*** Exercise data ***

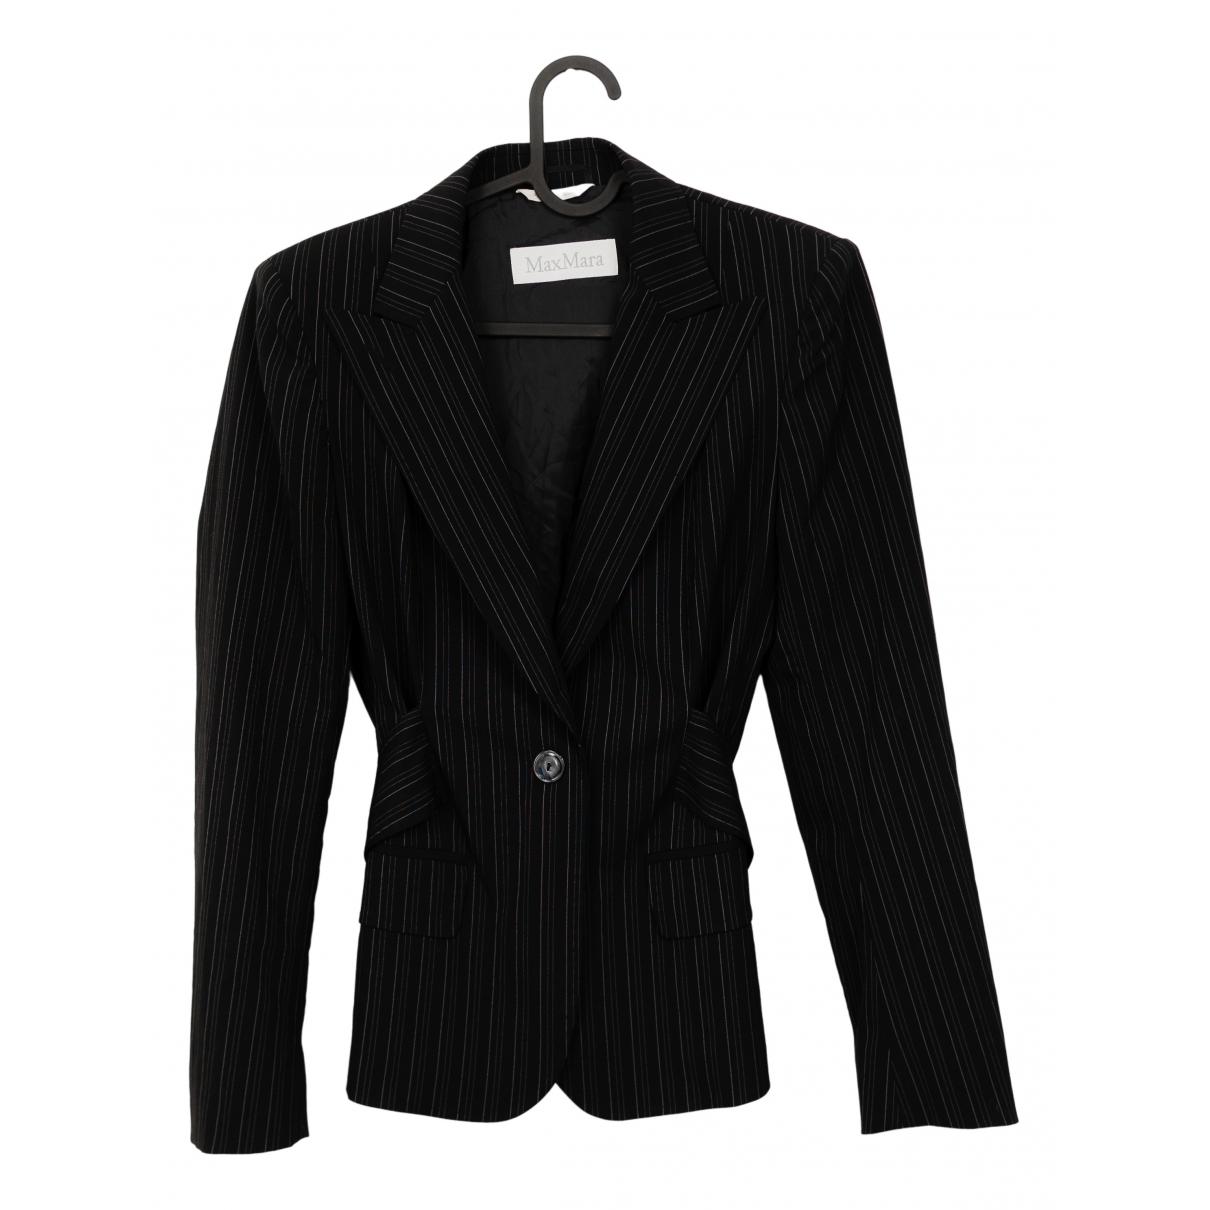 Max Mara \N Black Wool jacket for Women 36 IT
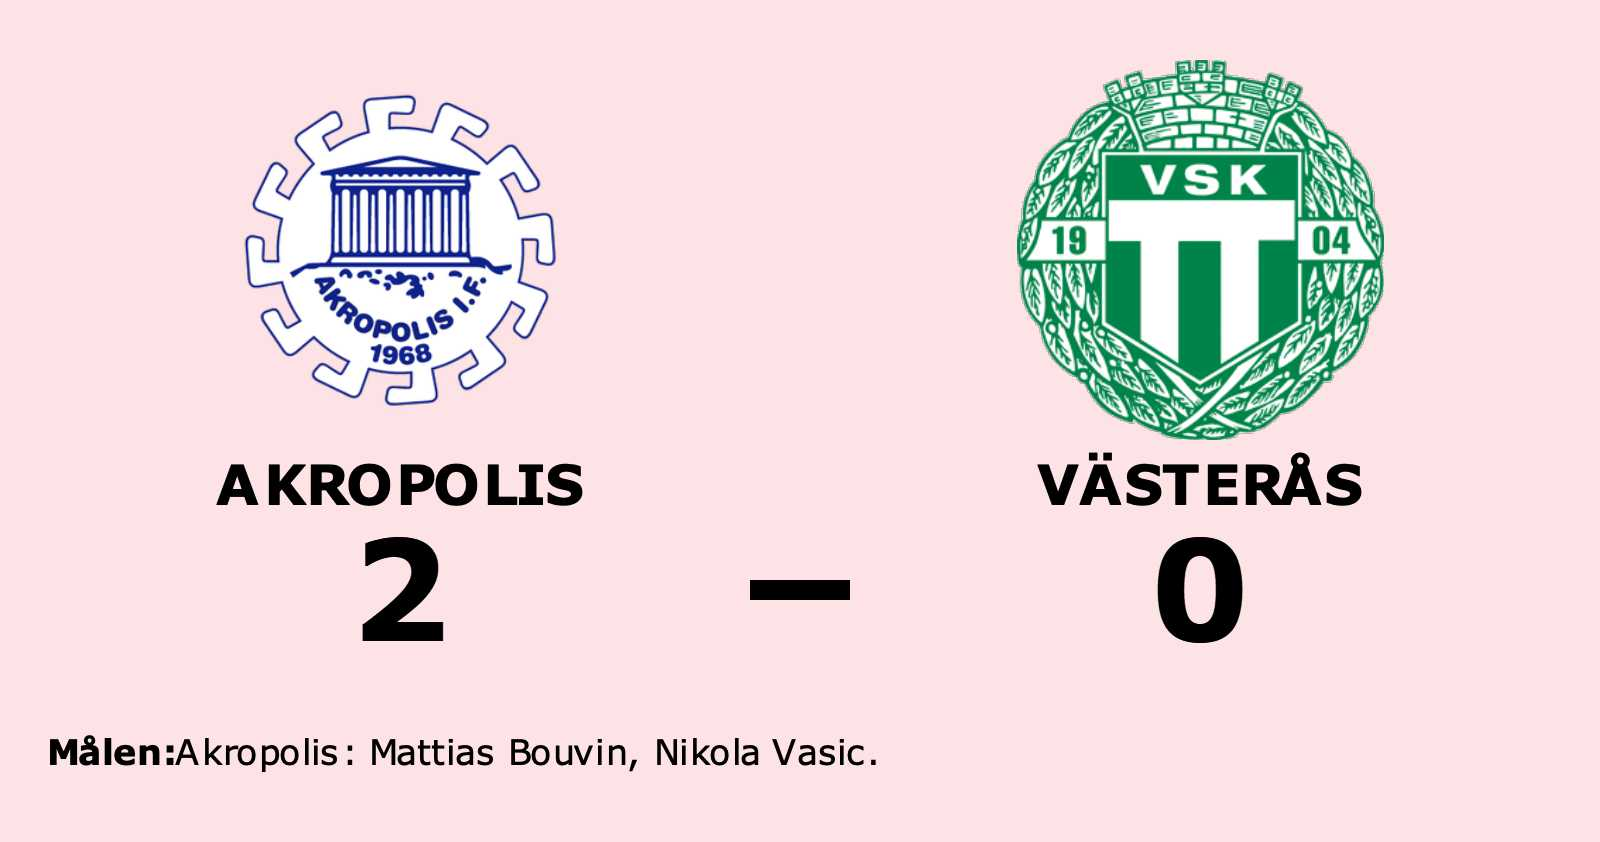 Bouvin och Vasic målgörare i Akropolis seger
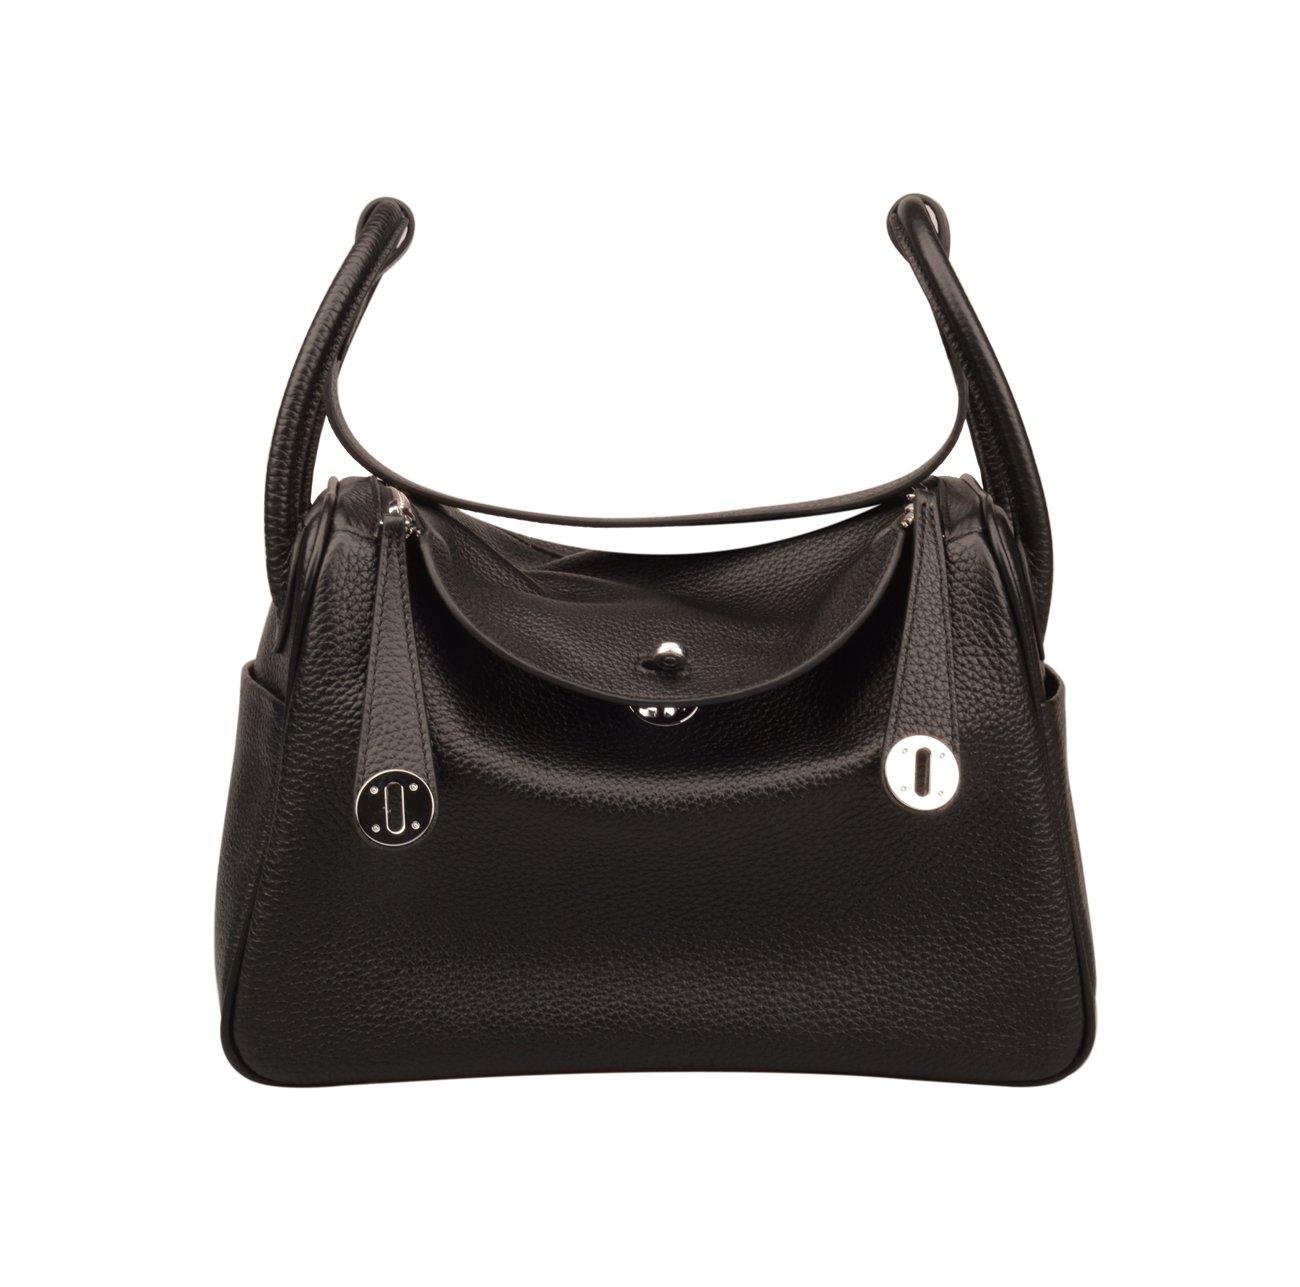 Ainifeel Women's Genuine Leather Shoulder Handbag And Purse Hobo Bag (Black)
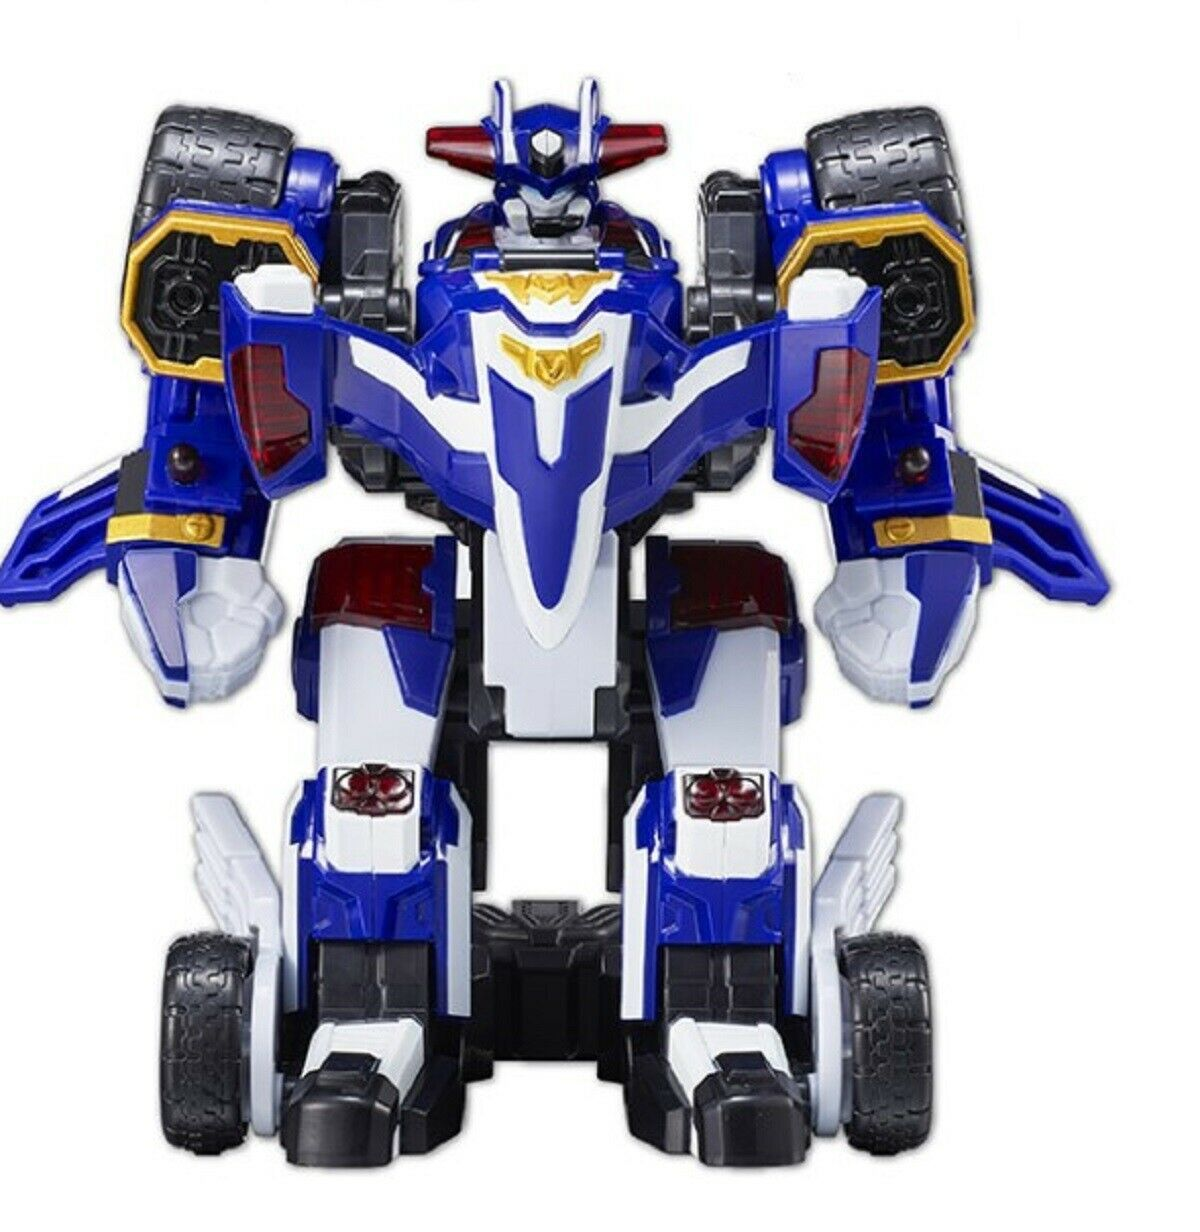 Tobot V Grand Storm Joe Transformation Action Figure Toy

*** End of Exercise data ***

→ **Aim of the exercise**
In the listing, find the line containing "Ainifeel Women's Genuine" and repeat it and every later line through the last one, word for word, excluding the pictures.

→ **Written reply**
 Ainifeel Women's Genuine Leather Shoulder Handbag And Purse Hobo Bag (Black)
 Tobot V Grand Storm Joe Transformation Action Figure Toy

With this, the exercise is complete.